The addition of pomegranate seeds rounds off the sweetness of the squash and nuttiness of the butter with just the right amount of acid and tang. Plus, it’s a lovely colourful garnish to lift the dish.

IMG_1865

Serves : 4

Ingredients:
300g butternut squash flesh, cut into small chunks
2 tblsp olive oil
2 tblsp butter
5 sage leaves, chopped
40g Parmesan cheese, grated
40g pomegranate seeds, to garnish

For the Gnocchi:
2 medium baking potatoes, scrubbed
1 egg, beaten
60-80g gluten-free plain flour, plus extra for dusting

 

 

Step One : First, make the gnocchi. Preheat the oven to 200oC / Gas Mark 6. Prick the potatoes with a fork and wrap them in foil. Bake for 1 – 1 hr 20 minutes, or until tender. Leave to cool slightly, for about 15 minutes, then scoop out the potato and pass through a ricer. You need about 400g. Mix in the egg and flour.

Step Two : Dust a clean worktop with flour. Divide the dough into four equal sized pieces. Roll each one out to a cylinder 20cm long, and cut into 2cm chunks. Make grooves on each piece using the back of a fork, then place on a baking tray dusted with flour.

Step Three : Bring a large saucepan of salted water to the boil and cook in two batches or 1 minute, or until they float to the top. Remove with a slotted spoon and set aside, reserving some cooking water. Leftovers can be kept in a sealed container in the fridge, or freezer for two to three months.

Step Four : Preheat the oven to 200oC, Gas mark 6. Toss the squash with half of the olive oil and spread out evenly on a baking tray. Roast for 30-35 minutes.
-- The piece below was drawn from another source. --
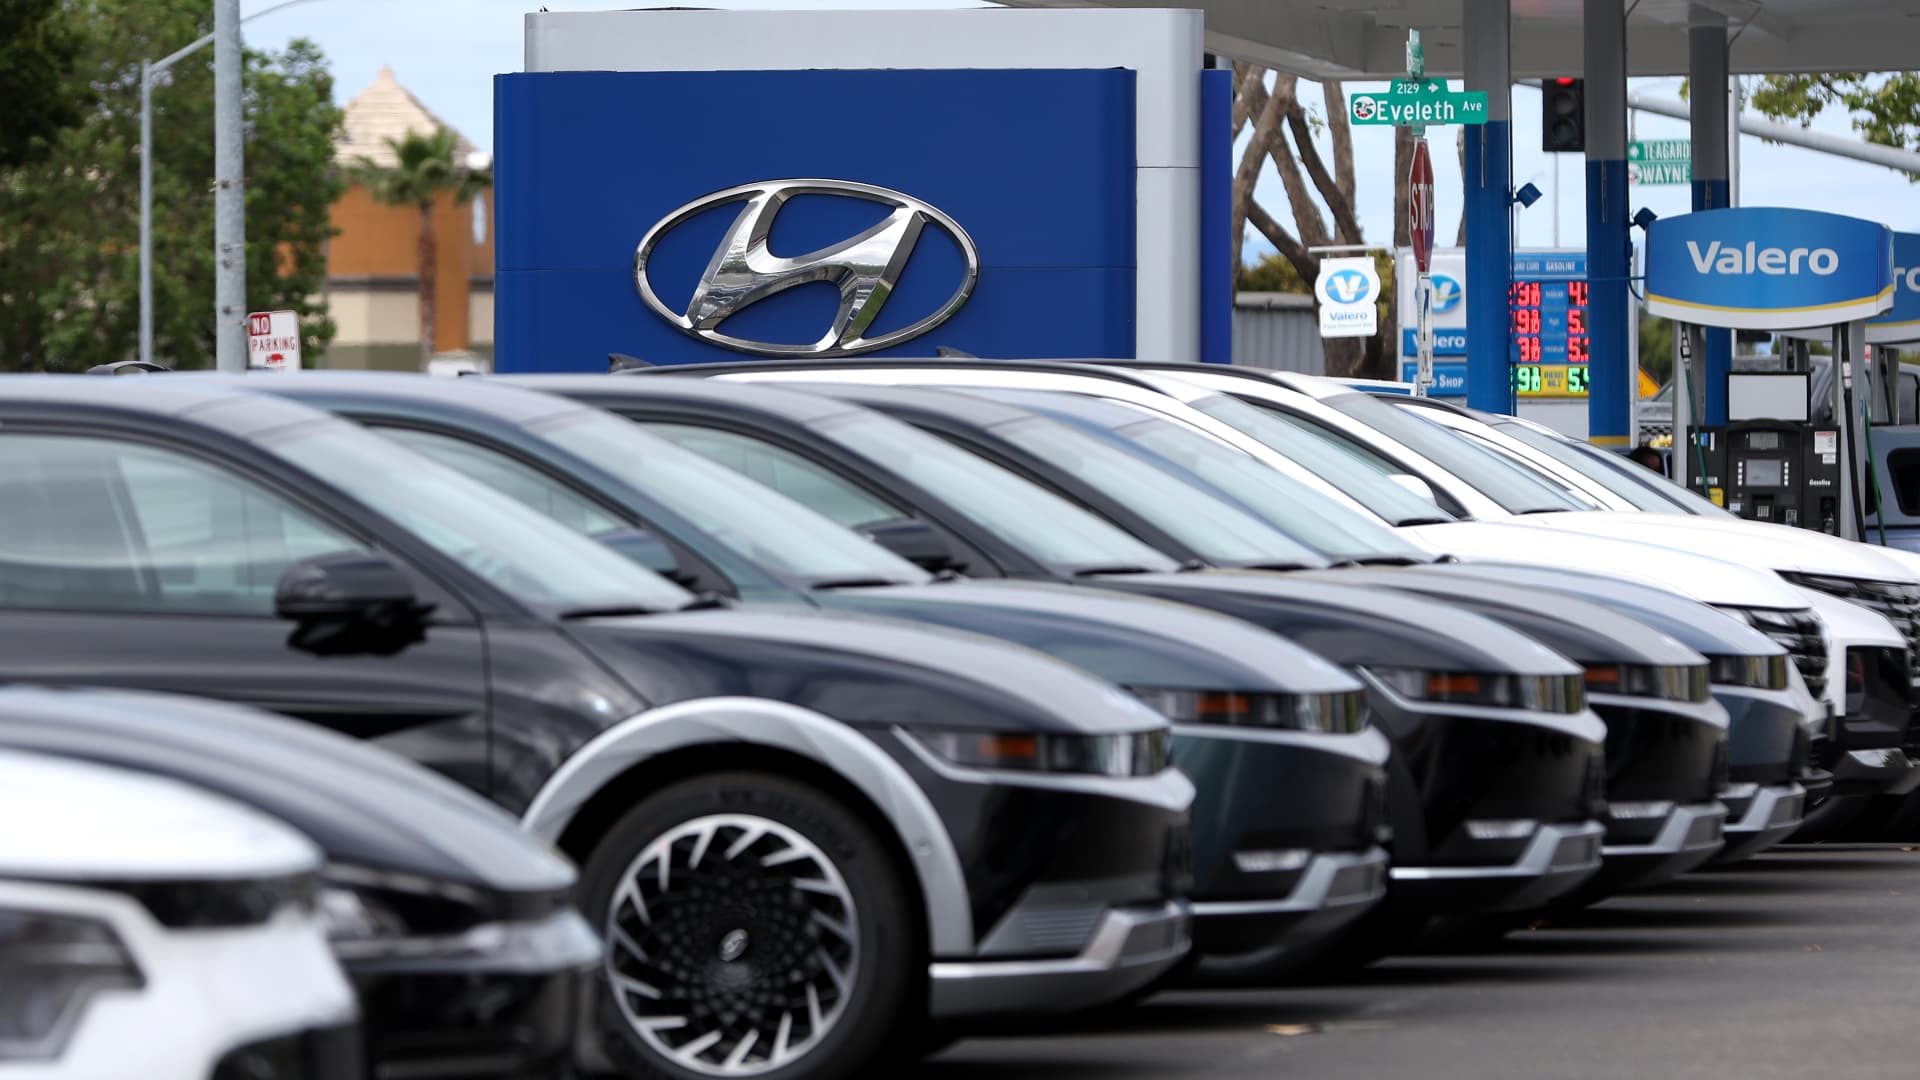 New Hyundai cars are displayed on the sales lot at San Leandro Hyundai on May 30, 2023 in San Leandro, California.

Step Five : Put the remaining oil and the butter in a deep frying pan and cook for 1-2 minutes until browned and it smells nutty. Add the gnocchi and saute for 2 minutes more, then add the roasted squash, sage and a splash of pasta cooking water and toss together. Serve on plates topped with grated Parmesan cheese and pomegranate seeds.